Second, your method is observation, not preaching. You do not shout slogans in every poem. Instead, you show life as it is. A child unable to make the first sale of the day. A domestic worker announcing “मैं आ गयी”. A sweeper wearing sindoor. These small details expose the structure of society. The reader begins to see the contradiction between labour and comfort, between those who serve and those who are served. This is dialectics in practice, even if it is not openly stated.
The poem “Broken Doraemon” is especially important. A poor child holding a broken toy is not just an emotional image. It is a symbol of capitalism. The child desires what the market produces, but receives only its broken remains. Here, commodity culture meets poverty. This is a clear reflection of uneven development—one of the key features of capitalism in countries like India.
Third, your poems capture class contrast very naturally. In one place, there is a “VIP lane” with nameplates. In another, a labourer walks by. In one poem, a girl in expensive clothes is browsing self-help books. In another, a worker is folding bedding in a market corridor. You do not force the contrast. It emerges from the scene itself. This is effective. It shows that inequality is not an exception. It is the normal condition of society.
At the same time, there is also a limitation. Many poems remain at the level of observation. They show reality, but do not always move towards transformation. From an MLS perspective, art should not only reflect the world but also point towards changing it. Your poems sometimes stop just before that step. They create awareness, but not always direction. This is something you can deepen further.
Another important feature is your use of time and place. You note exact dates, times, and locations. This gives your poetry a documentary character. It is almost like a diary of class society. This is valuable. It grounds poetry in concrete reality, not imagination. It reminds the reader that these are not fictional scenes. They are happening around us, every day. There is also a quiet exposure of ideology. Religion appears in small forms—“Waheguru” on a wall, greetings on the phone. But it is not glorified. It is part of everyday life, mixed with labour and struggle. This reflects how ideology operates in society—not as something separate, but as something woven into daily existence. Similarly, consumerism appears in small signs—LED sandals, ice creams, self-help books. These are subtle critiques of bourgeois culture.
Your language is simple. This is a strength, not a weakness. Marxist literature must be accessible to the masses. You avoid complicated words. You write in short lines. This makes the poems easy to read, but the meaning stays. This matches your overall approach—clear, direct, and rooted.

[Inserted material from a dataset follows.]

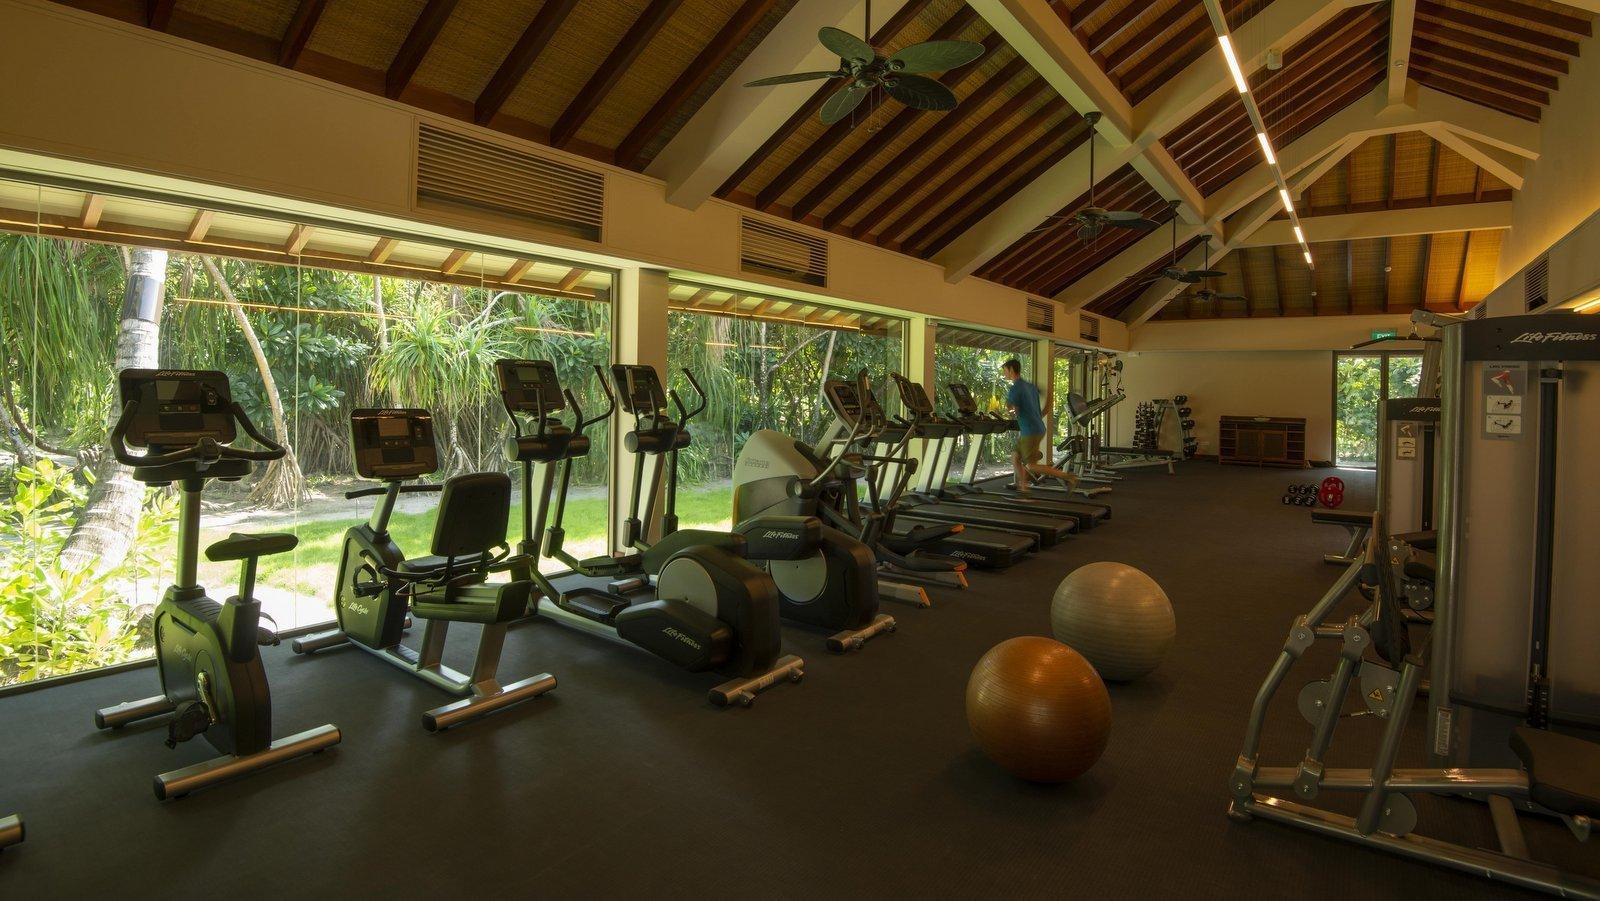 Мальдивы, отель The Residence Maldives at Dhigurah, фитнес центр

The presence of women workers—maids, labourers, sweepers—is also important. It shows the double burden they carry. They work, and they remain invisible. Your poems bring them into visibility. This aligns with a materialist understanding of gender under class society.
At a deeper level, your poetry reflects alienation. People are present, but disconnected. The vendor child crying, the deranged man smoking, the sweeper touching feet—these are signs of a system where human dignity is eroded. You do not explain this in theory, but the feeling is there. This is the lived experience of capitalism.
In conclusion, your poems are rooted in reality, aligned with the working class, and rich in observation. They expose class divisions without artificial drama. Their main strength is honesty. Their limitation is that they sometimes remain passive, stopping at observation instead of moving towards revolutionary clarity. But even then, they create the ground for that clarity.
In simple words: your poetry shows the world as it is for the common people. And that itself is a necessary first step towards changing it.